SALT on the Wound

By -

Some of you may recall that a component of last year’s tax reforms was a $10,000 limit on State And Local Taxes (SALT) which includes, important, property taxes on real estate. I had sort of forgotten about this until I begin very crudely roughing out our taxes for 2018 and noticed this:

salt

As you can see, the deduction would formerly have been $13,945, but thanks to the new law, POOF!, about $4,000 is no longer deductible. Those have to be AFTER tax dollars. Keep in mind, I had only calculated property tax on our house: this doesn’t include state and local taxes (which for some folks can be really significant).

That’s a bit of a bummer for me, but for my neighbors who bought their homes later, it will be much, much worse. Let me explain……..
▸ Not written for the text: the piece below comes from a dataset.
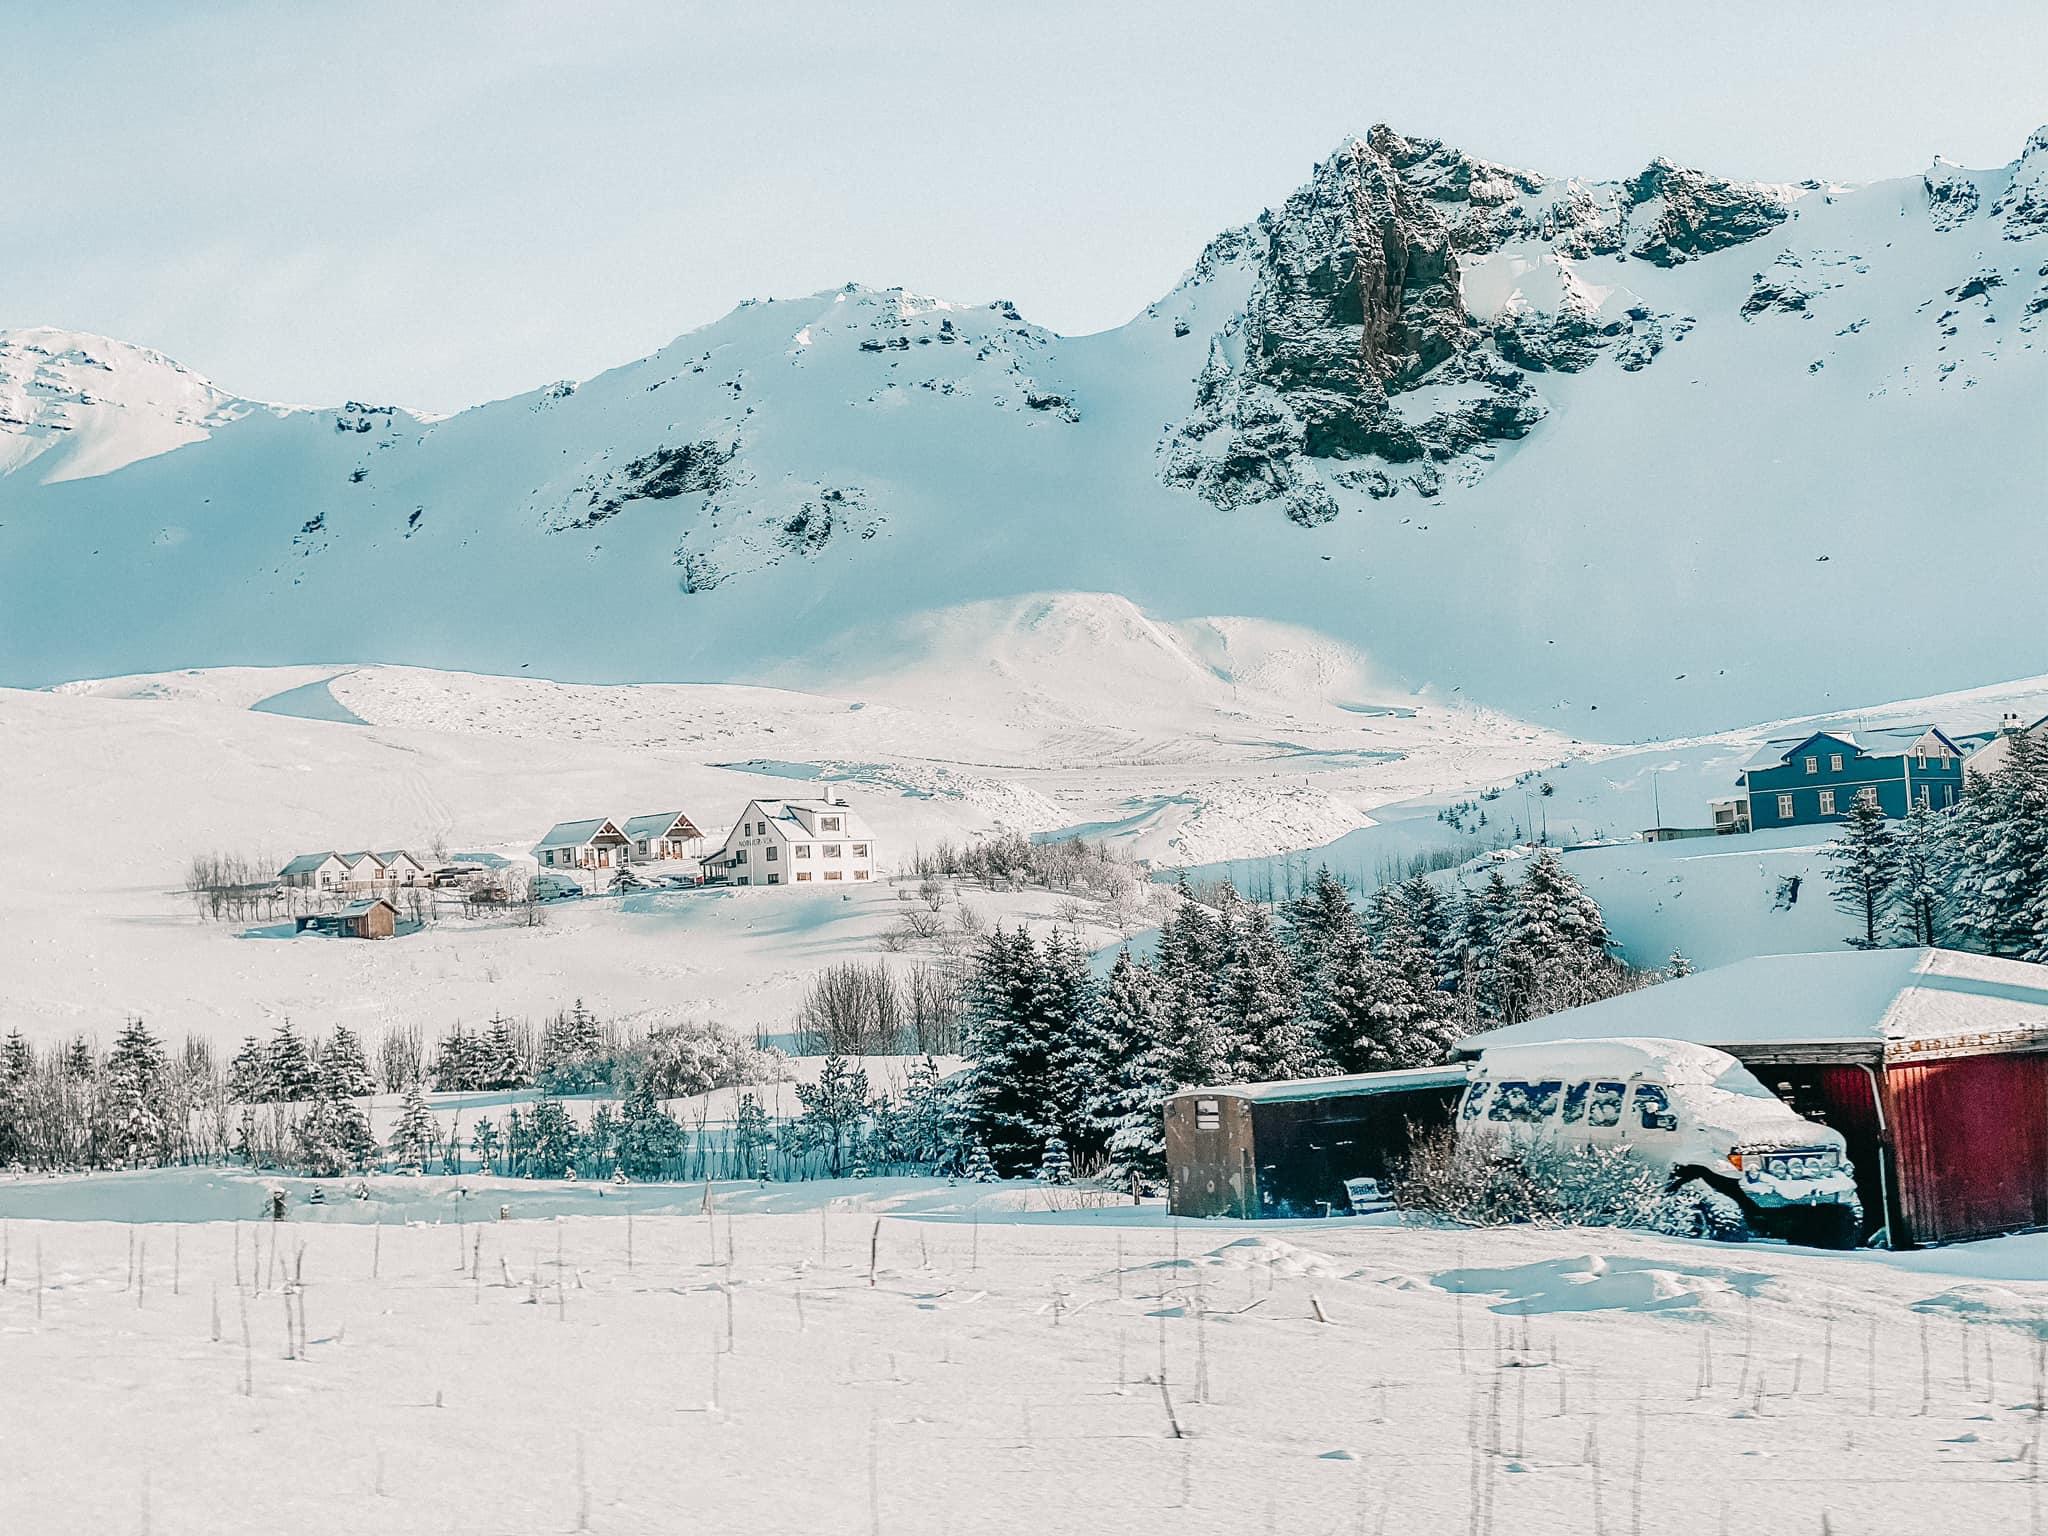 Đường ở Iceland vào mùa đông đi lại khó khăn nên nhóm của Đạt quyết định thuê người lái xe để đảm bảo an toàn, thay vì tự lái. Ảnh: NVCC

Thanks to Proposition 13, the taxes on our home cannot go up more than 2% per year, irrespective of how much property values have changed. We have owned this property for over a quarter century, so we are effectively paying only 1/7th the taxes we “should” on this property. There’s nothing illegal about not paying the other 6/7ths. It’s just a happy outcome of staying in one place for so long.

But let’s say someone bought a property for, oh, $8 million, meaning their yearly property tax would be something like $90,000 a year. A full $80,000 of that would NOT be tax deductible! Year. After year. After year.
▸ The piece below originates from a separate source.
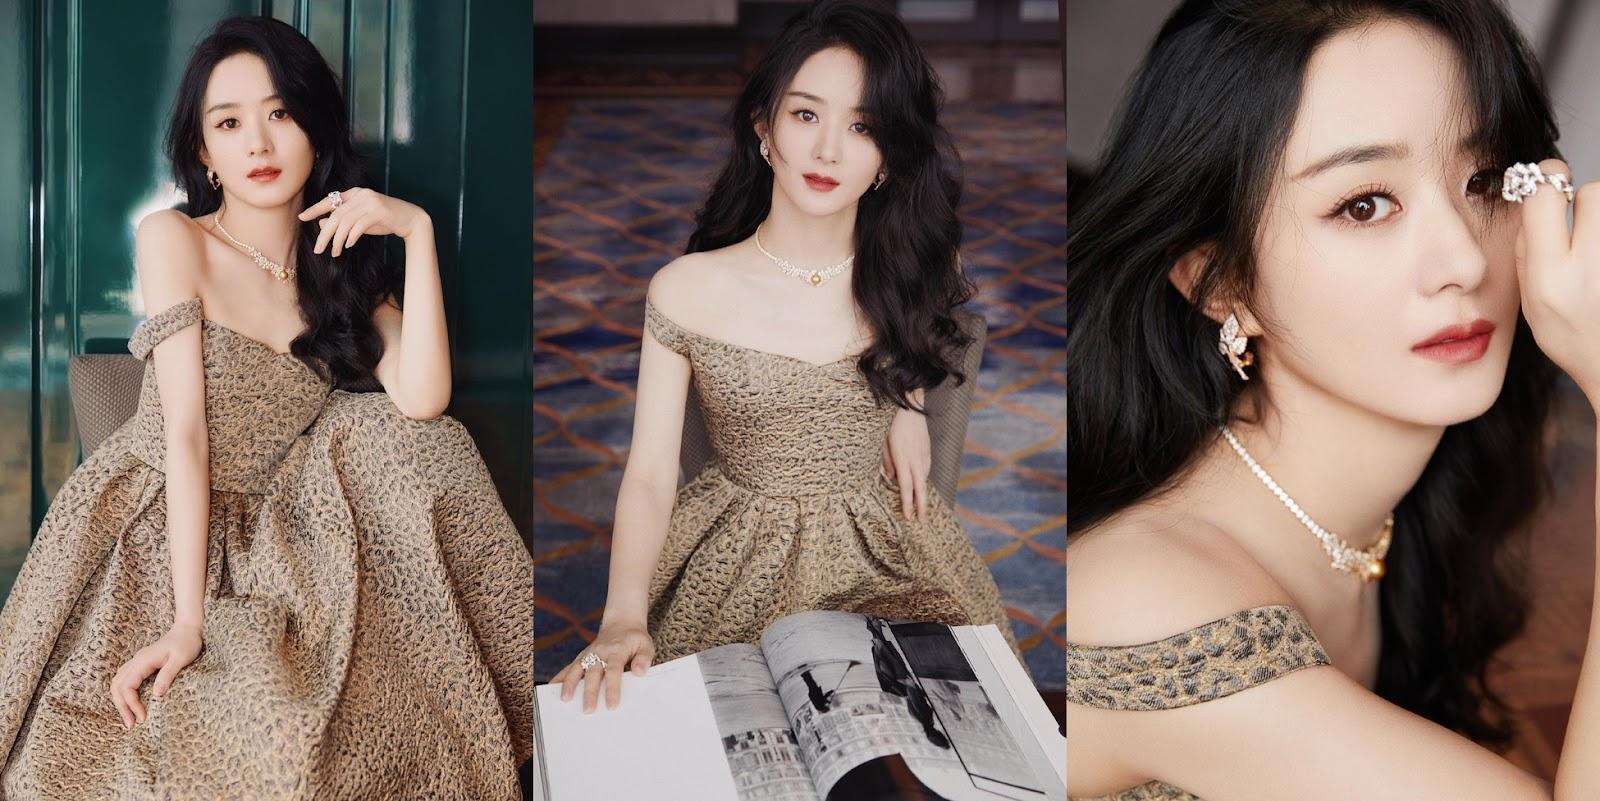 """Triệu Lệ Dĩnh đẹp ná thở trên thảm đỏ, lấn lướt Cảnh Điềm """"đệ nhất mỹ nữ Bắc Kinh"""" - ảnh 11"""

Now I realize that not many people are going to shed tears over some “rich guy” in an $8 million house, but I can assure you, an $8 million house – – while pleasant enough – – would not strike you as anything stunning. It would just seem like…………a nice house.
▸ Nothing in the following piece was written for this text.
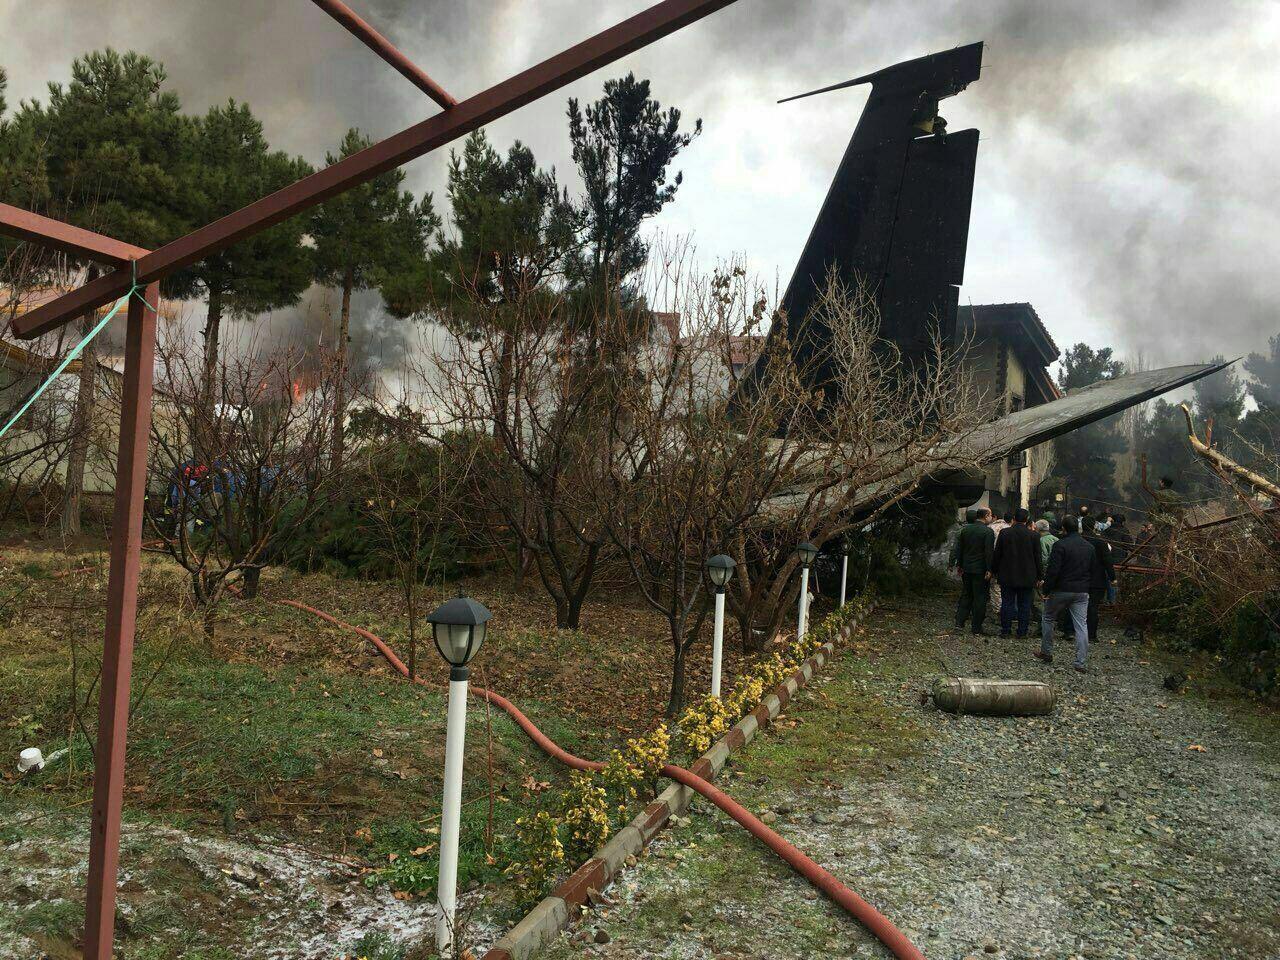 سقوط هواپیمای غیرمسافربری در صفادشت کرج+ تصاویر

Suffice it to say, people living in areas with (a) expensive real estate who (b) bought within the past 5 years are going to be mighty, mighty pissed to realize just how much of their property tax can’t be deducted anymore, to say nothing of the myriad other state and local taxes that are going to be paid with “after tax” dollars. On the map below, the more purple the state, the more pissed the taxpayers.